What you are asked to do ▸
Give an exact copy of the data that follows, but none of its pictures.

Material provided ▸
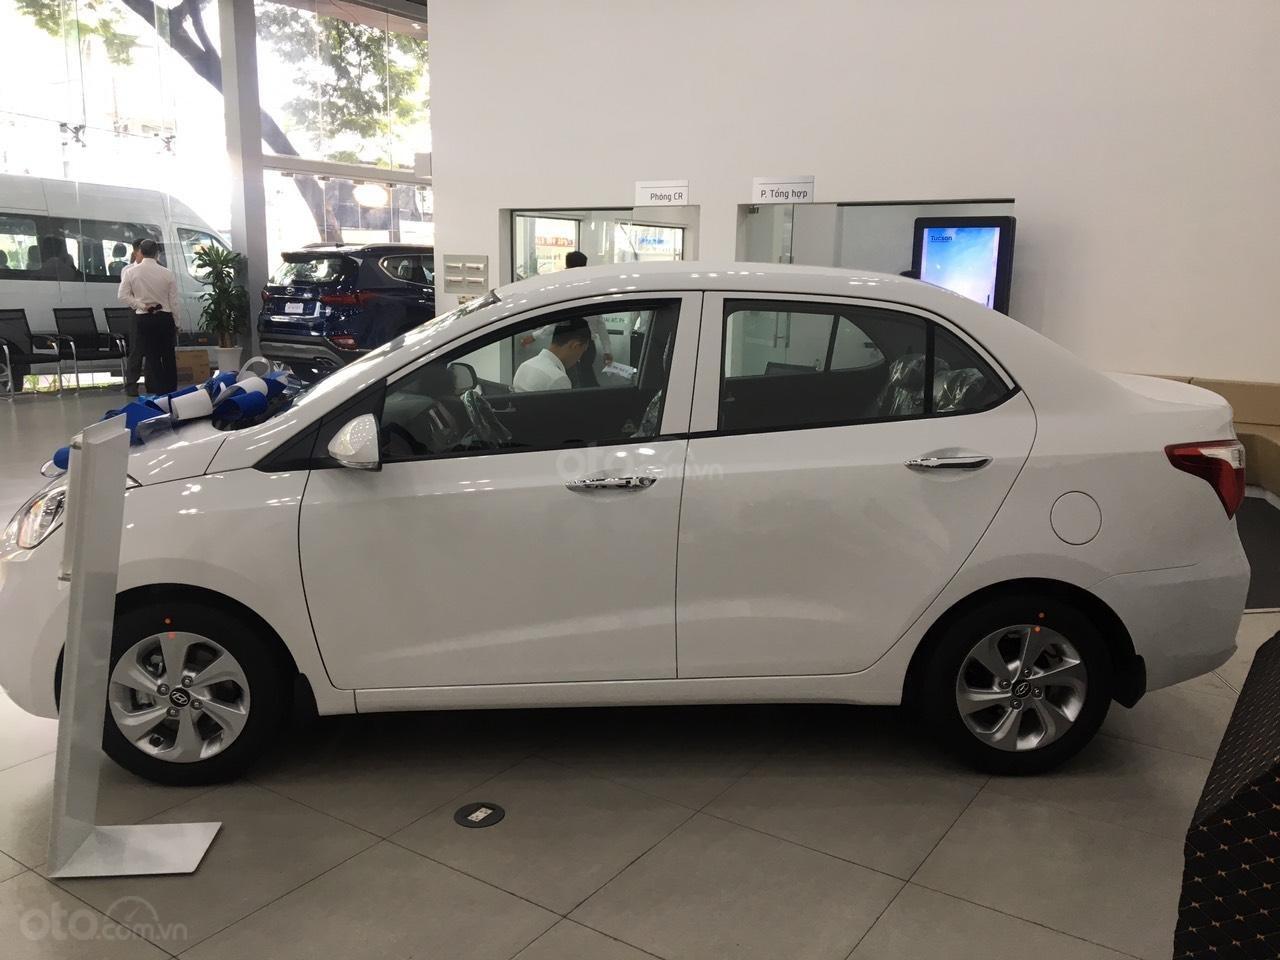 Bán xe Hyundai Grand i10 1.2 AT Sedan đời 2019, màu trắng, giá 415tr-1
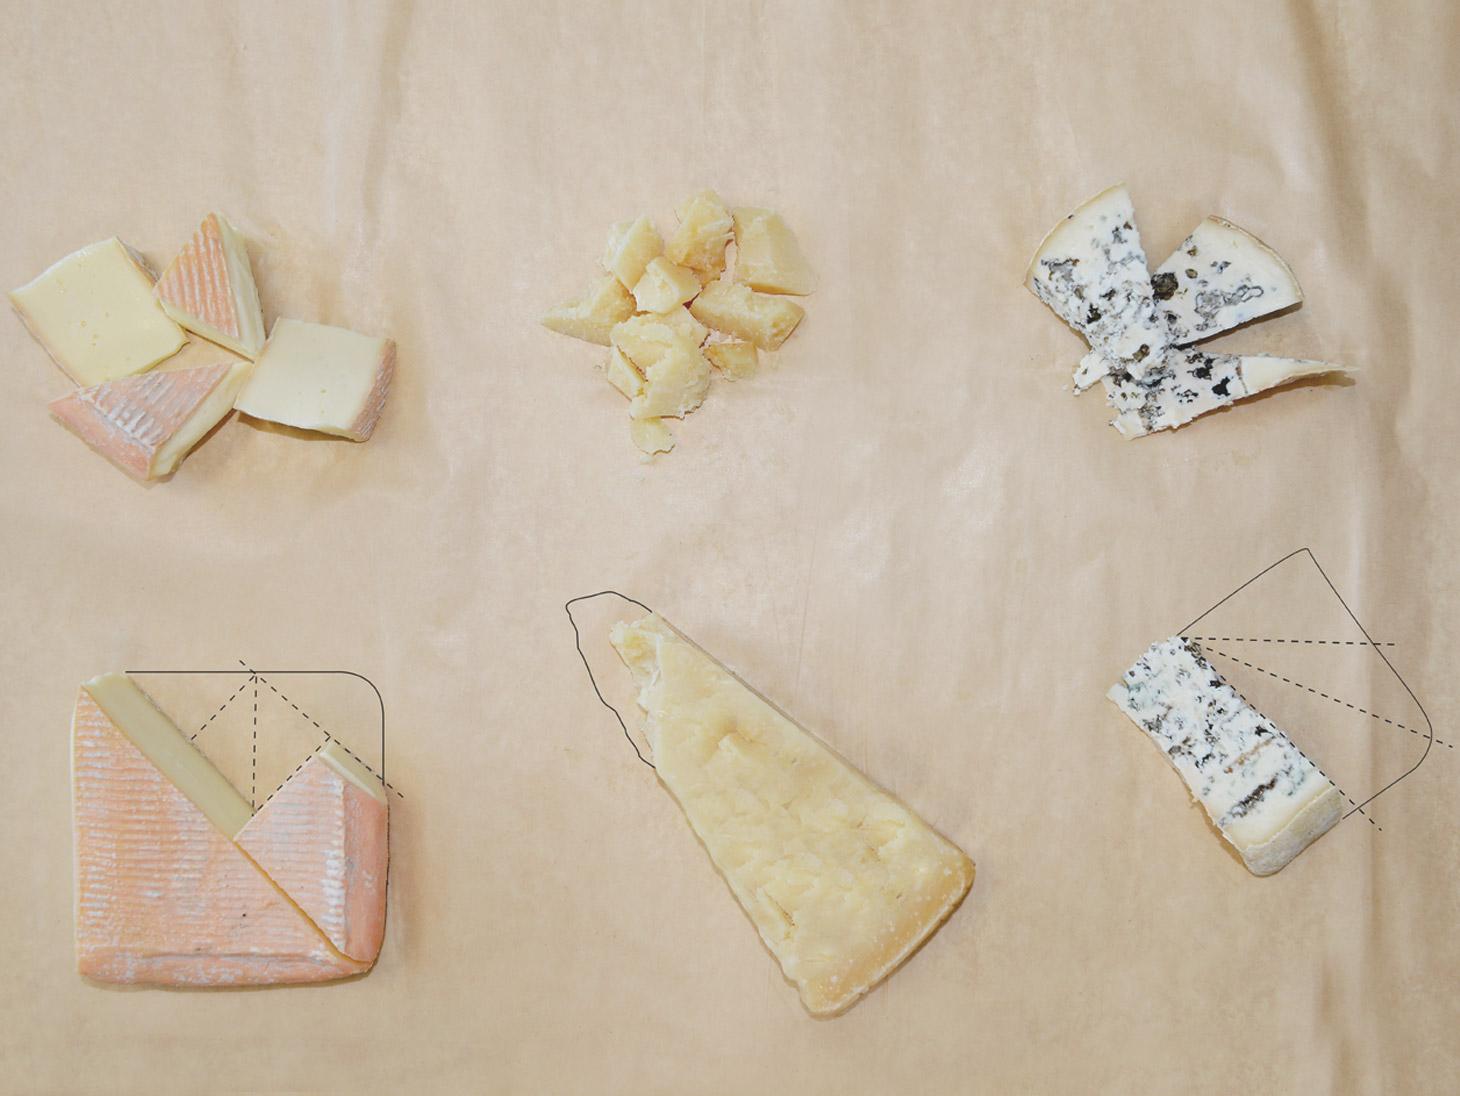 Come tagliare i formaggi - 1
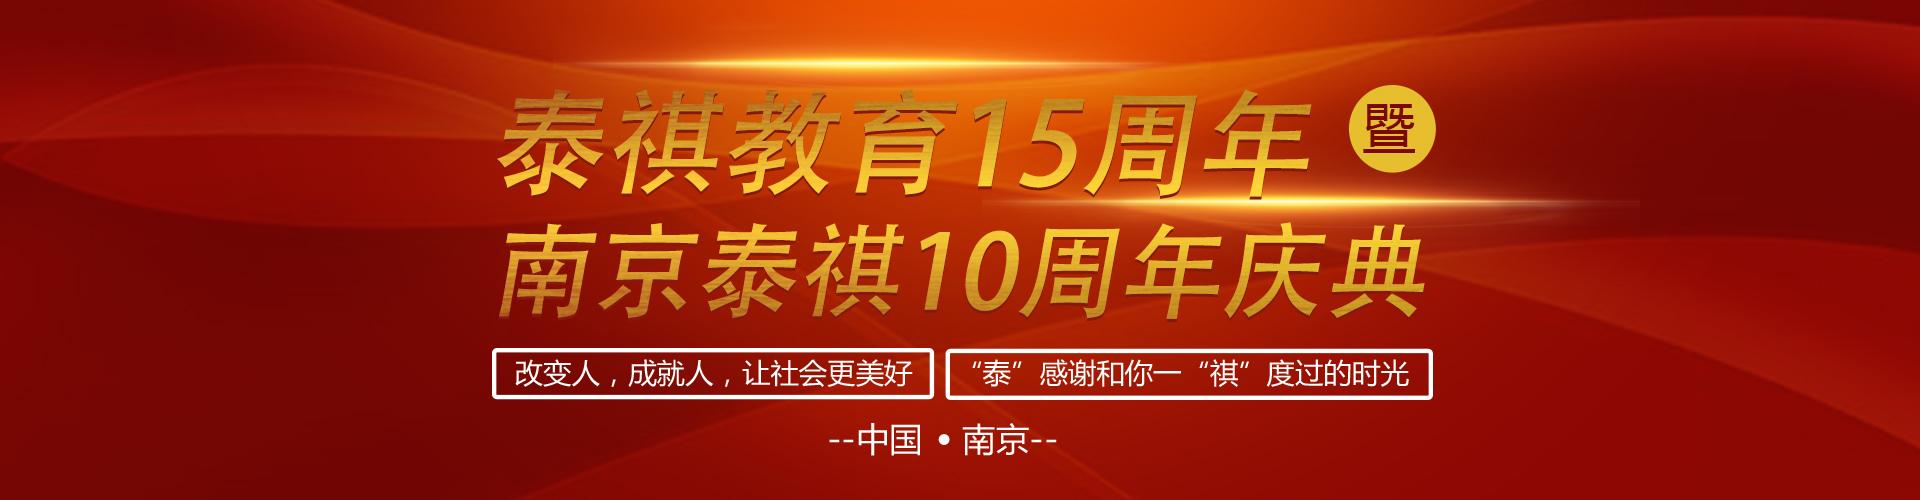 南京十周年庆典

Reply ▸
 Bán xe Hyundai Grand i10 1.2 AT Sedan đời 2019, màu trắng, giá 415tr-1
 Come tagliare i formaggi - 1
 南京十周年庆典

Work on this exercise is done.